**Action item**:
Starting at the line with "LEGO Harry Potter" and stopping at the final line, retype the data below exactly; do not carry over any pictures.

**Dataset section**:
____________

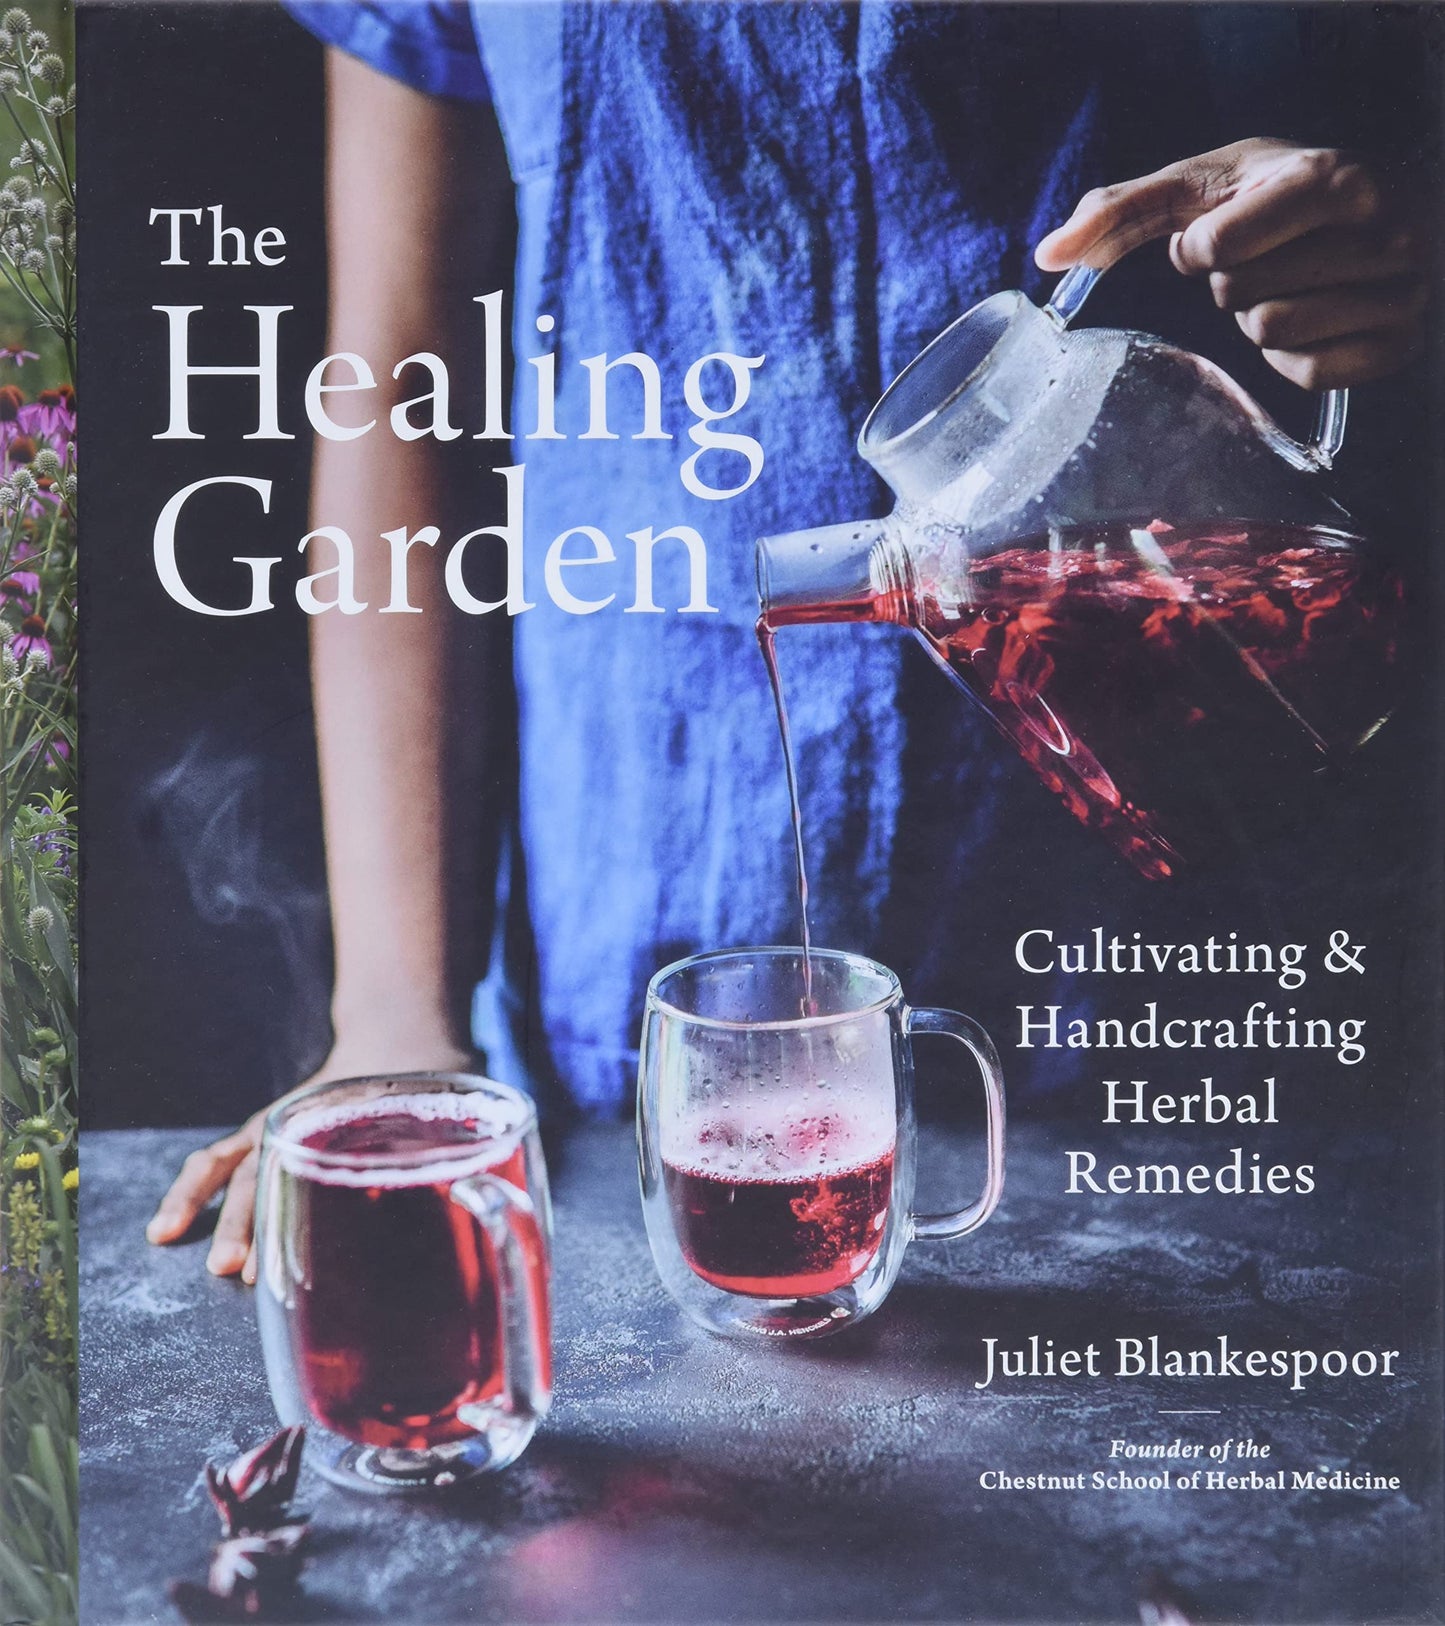 The Healing Garden, by Juliet Blankespoor
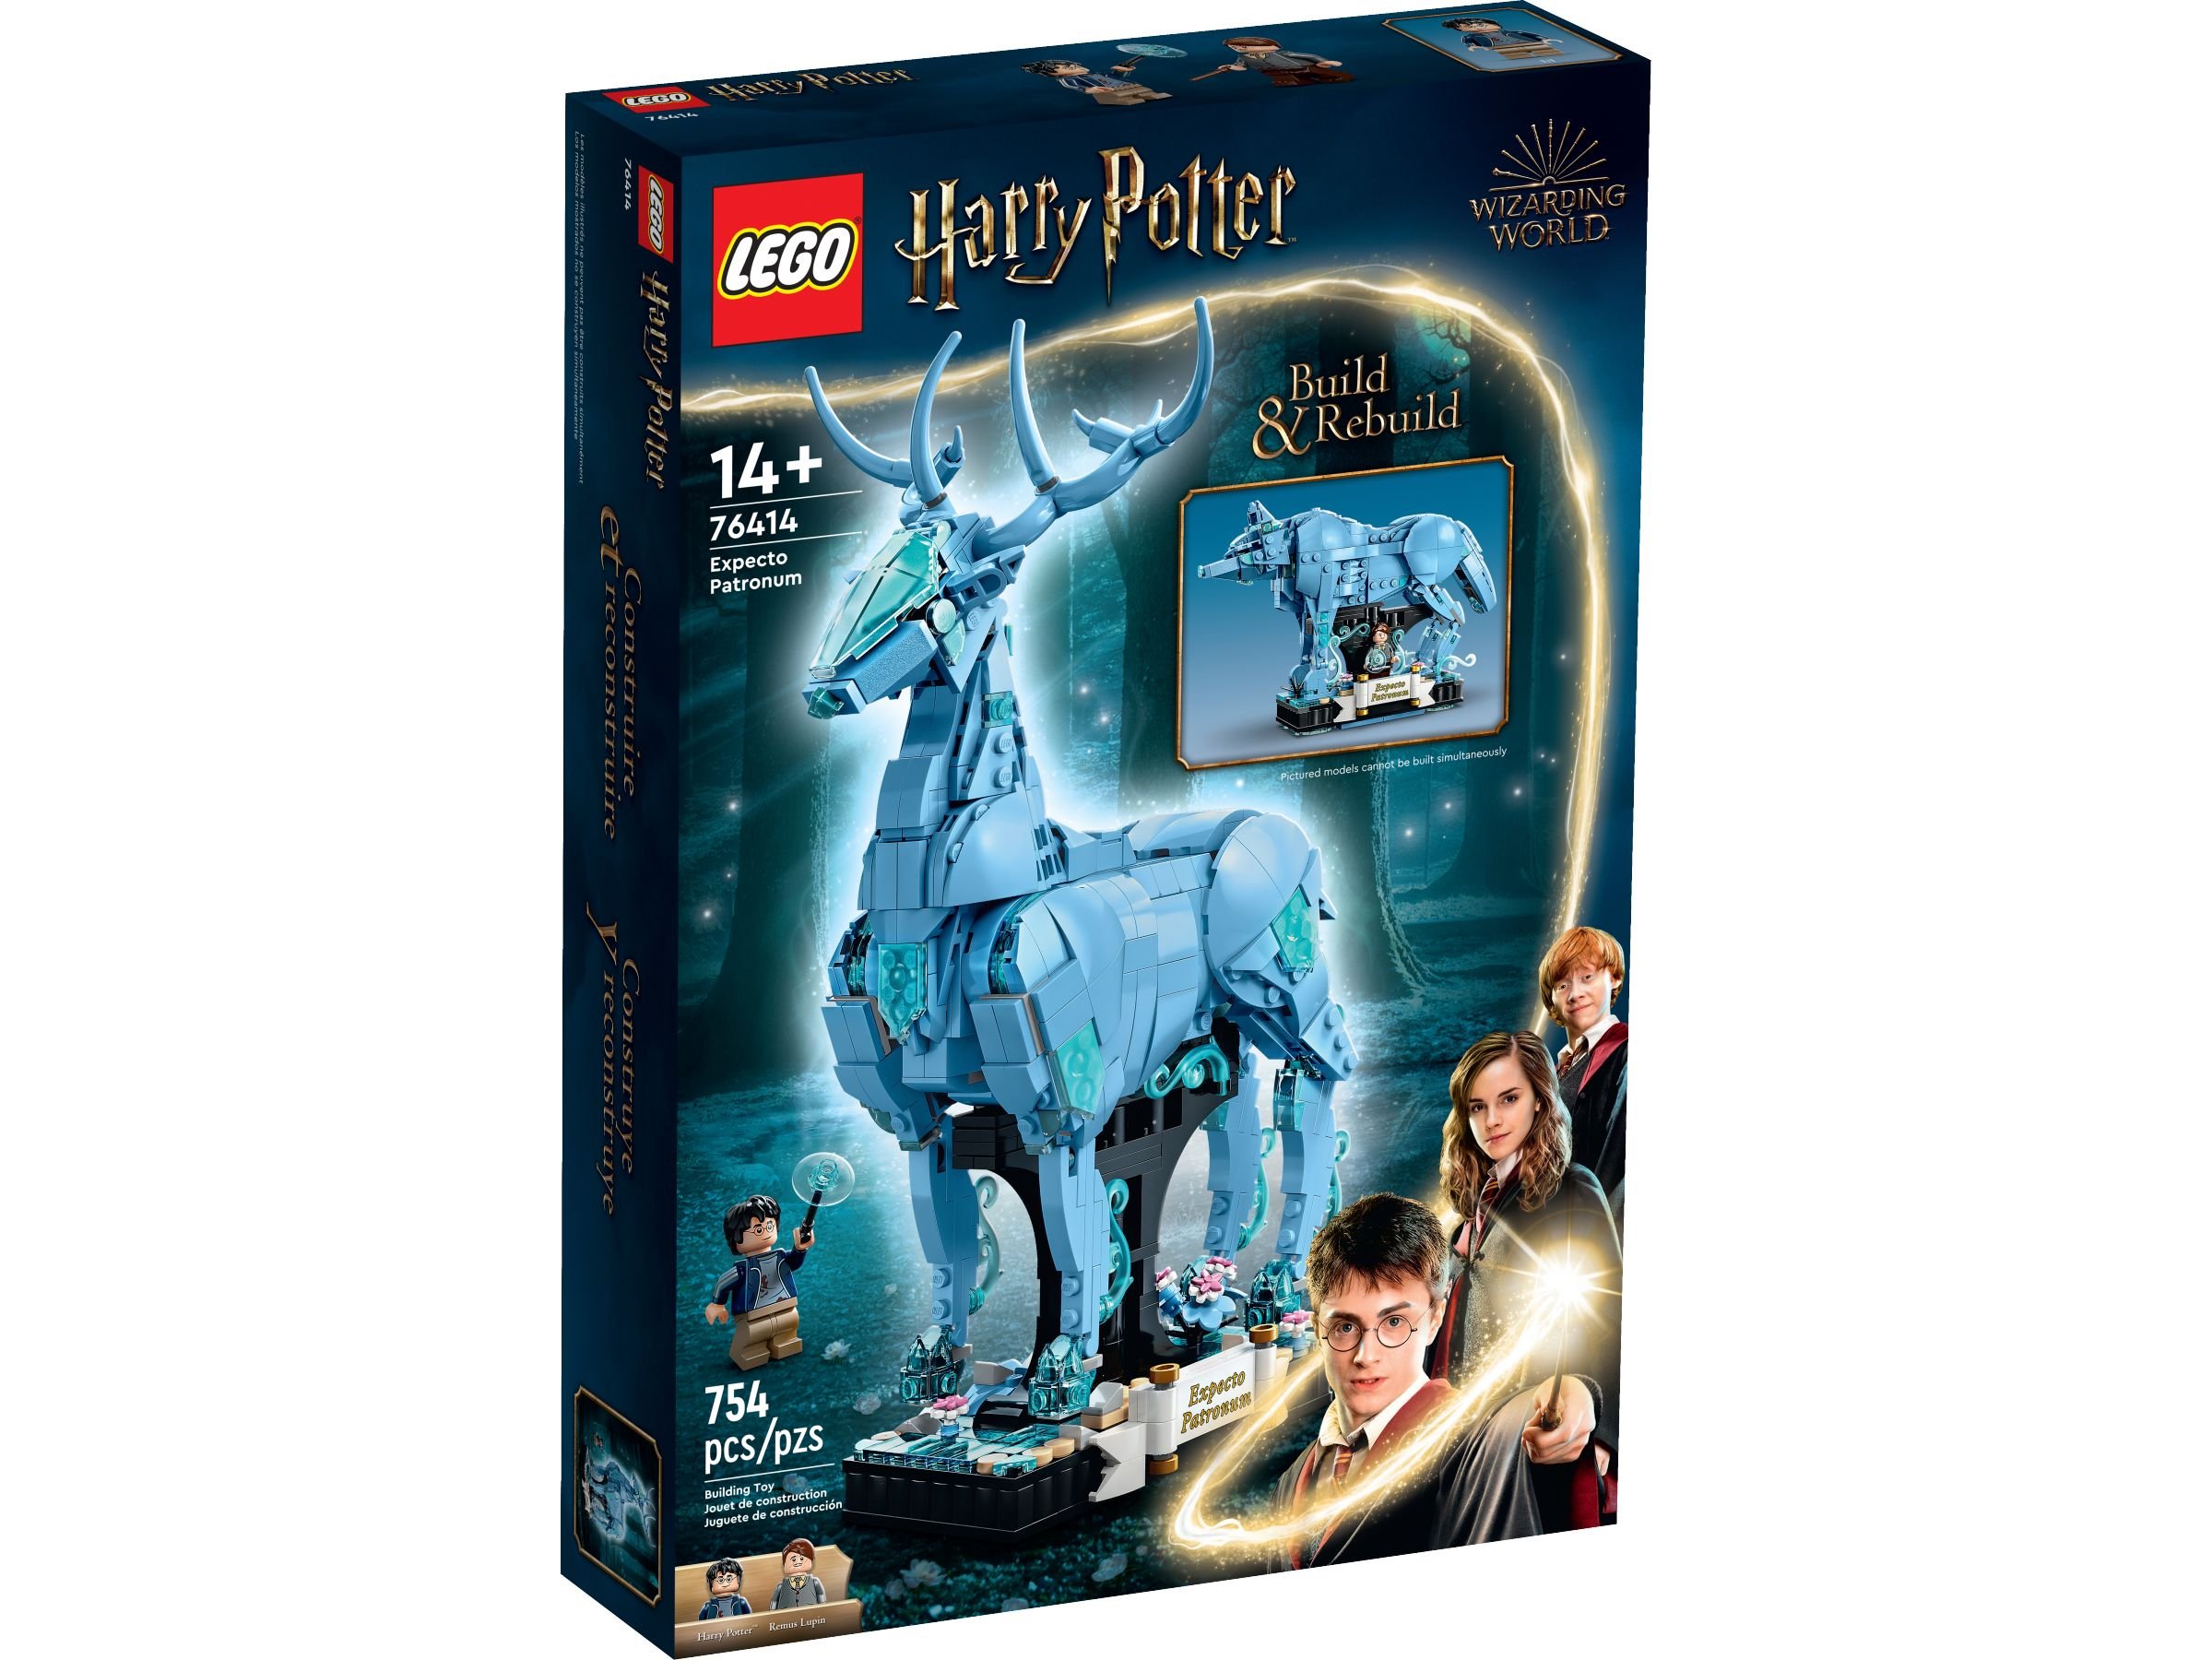 LEGO Harry Potter 76414 Expecto Patronum LEGO_76414_Box1_v39.jpg
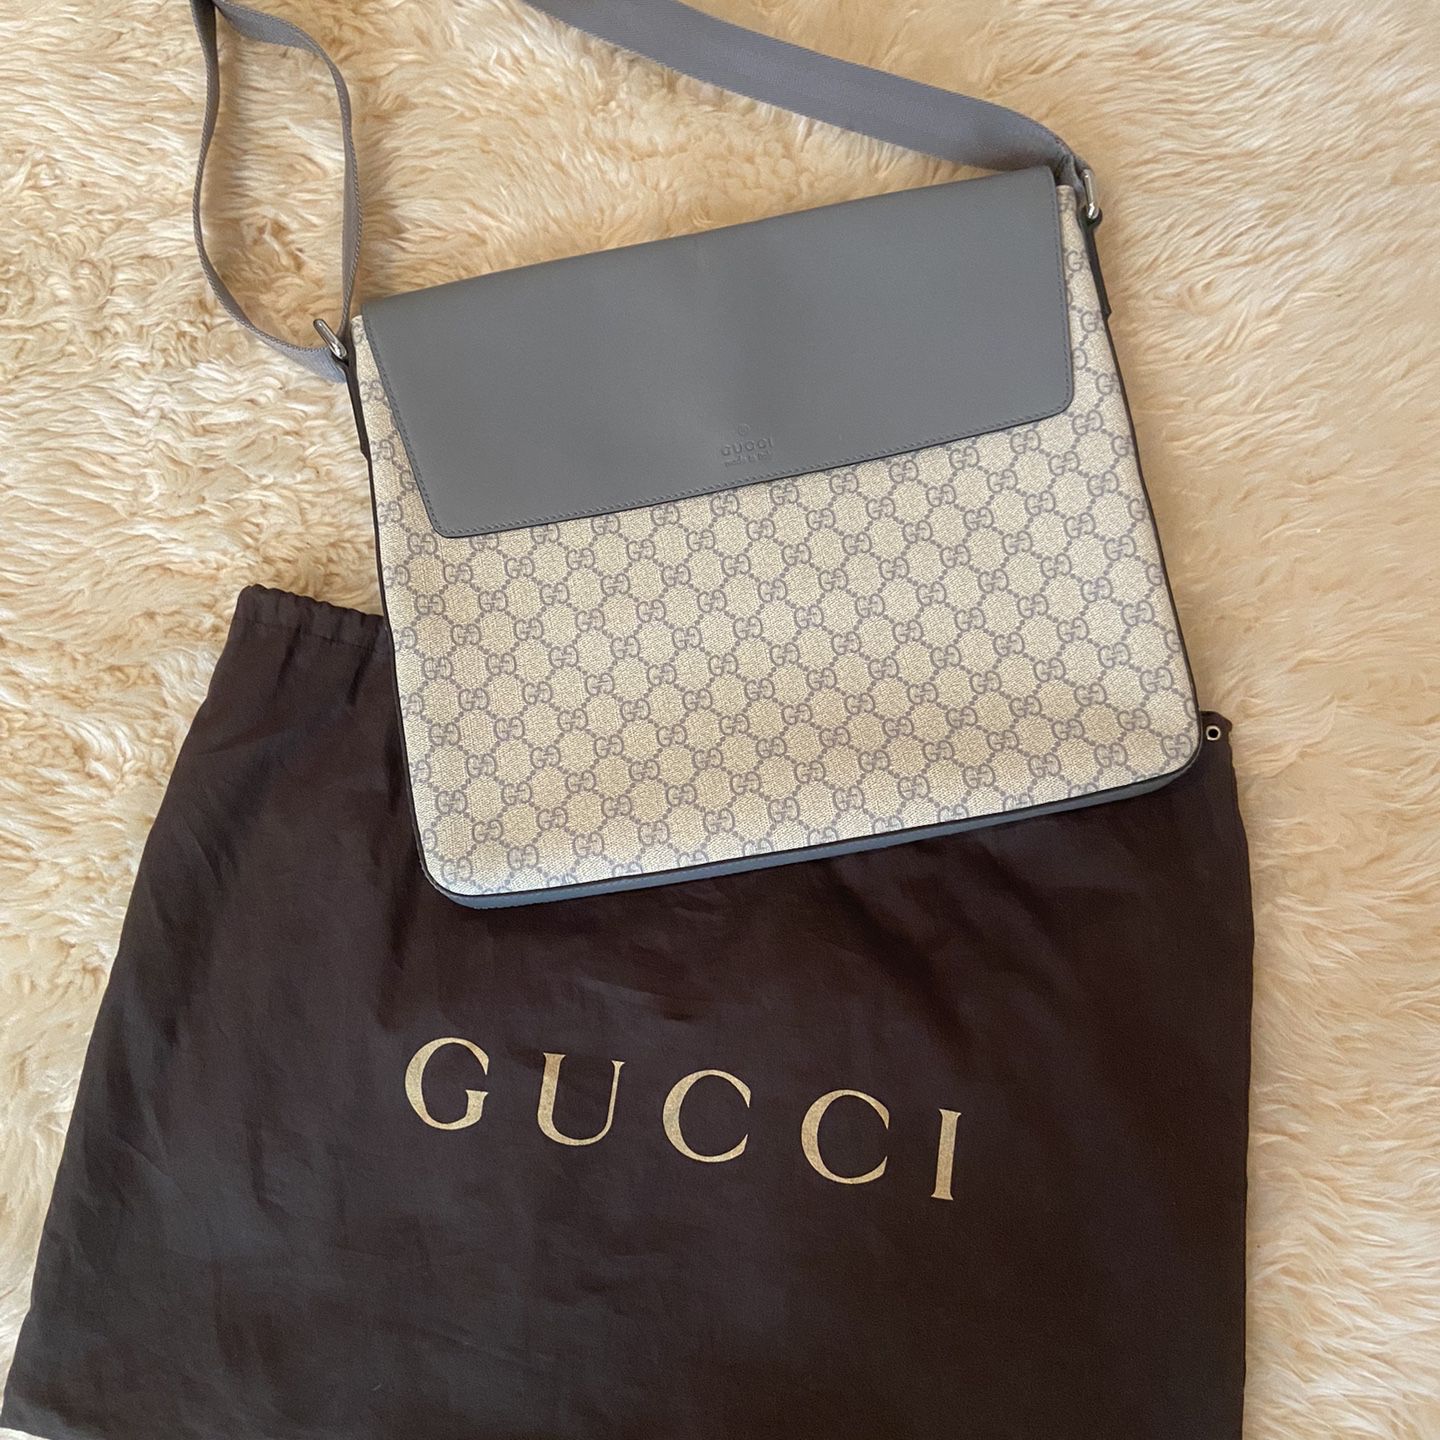 Gucci Laptop Bag Authentic

____________

**Answer to this task**:
 LEGO Harry Potter 76414 Expecto Patronum LEGO_76414_Box1_v39.jpg
 Gucci Laptop Bag Authentic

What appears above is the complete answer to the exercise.